> **Problem**
In the listing below, locate the line containing "Bildvergrößerung: Geologische Skizze" and copy it and every line after it through the end, exactly as written, leaving out any pictures.

> **Dataset section**
= = = =

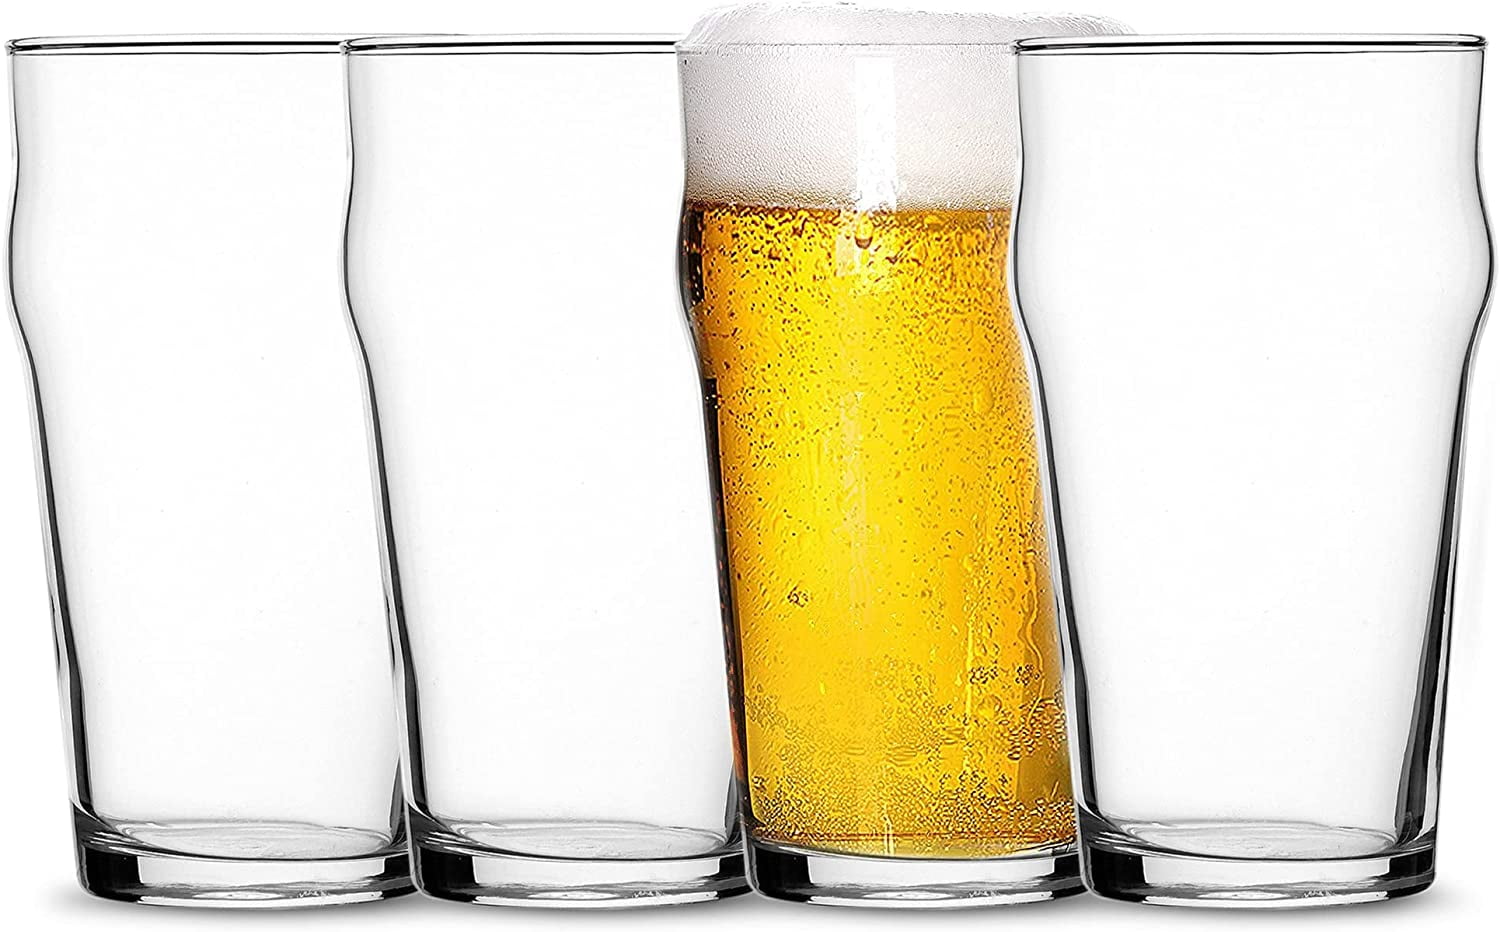 Nonix 19.75 oz. Stackable Pub Beer Glasses (Set of 12)
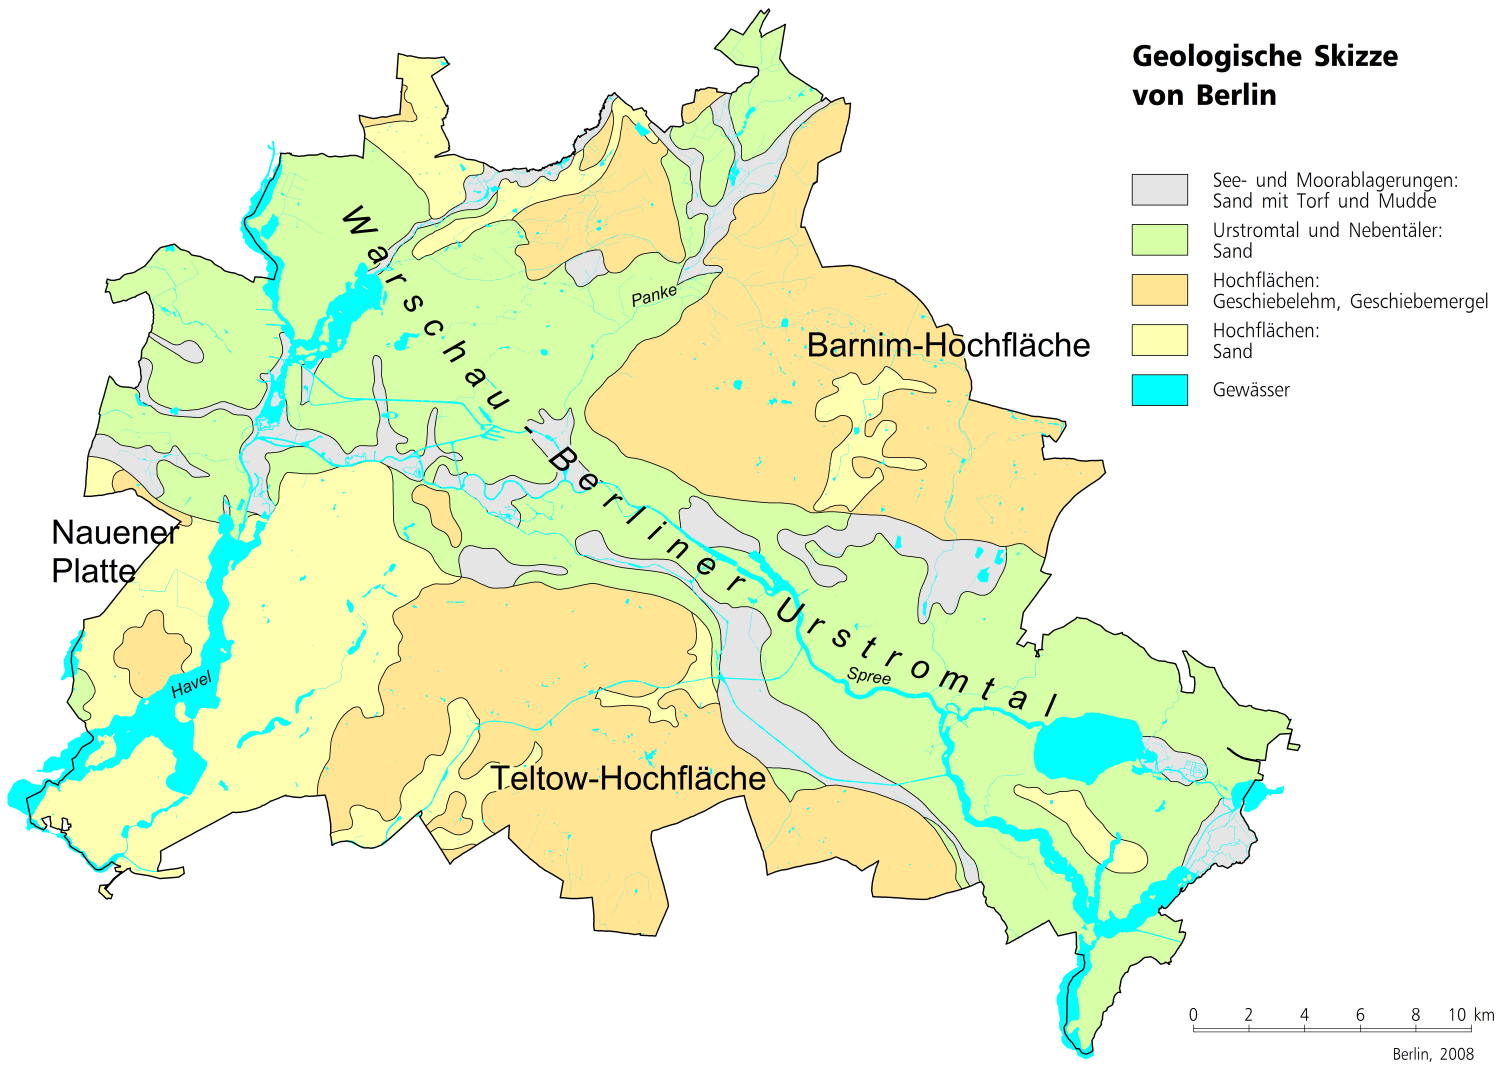 Bildvergrößerung: Geologische Skizze von Berlin 2008
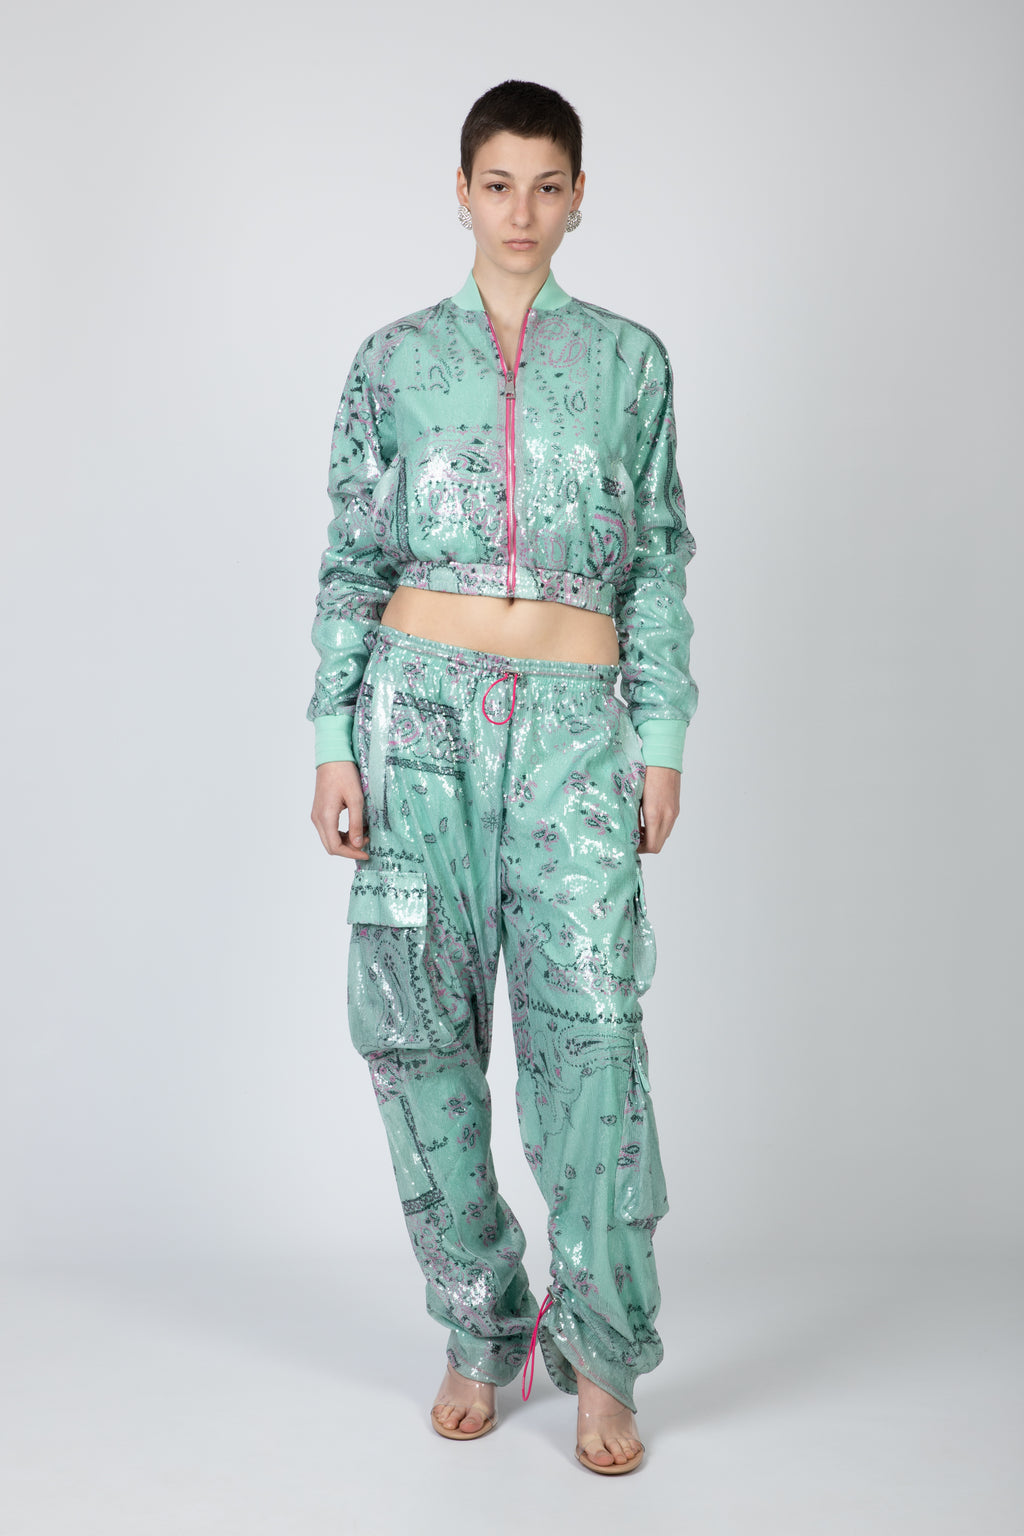 alt-image__Aquamarine-green-bandana-printed-track-jacket-with-sequins---Track-Jacket-Paillettes-Bandana-

= = = =

> **Your solution**
 Bildvergrößerung: Geologische Skizze von Berlin 2008
 alt-image__Aquamarine-green-bandana-printed-track-jacket-with-sequins---Track-Jacket-Paillettes-Bandana-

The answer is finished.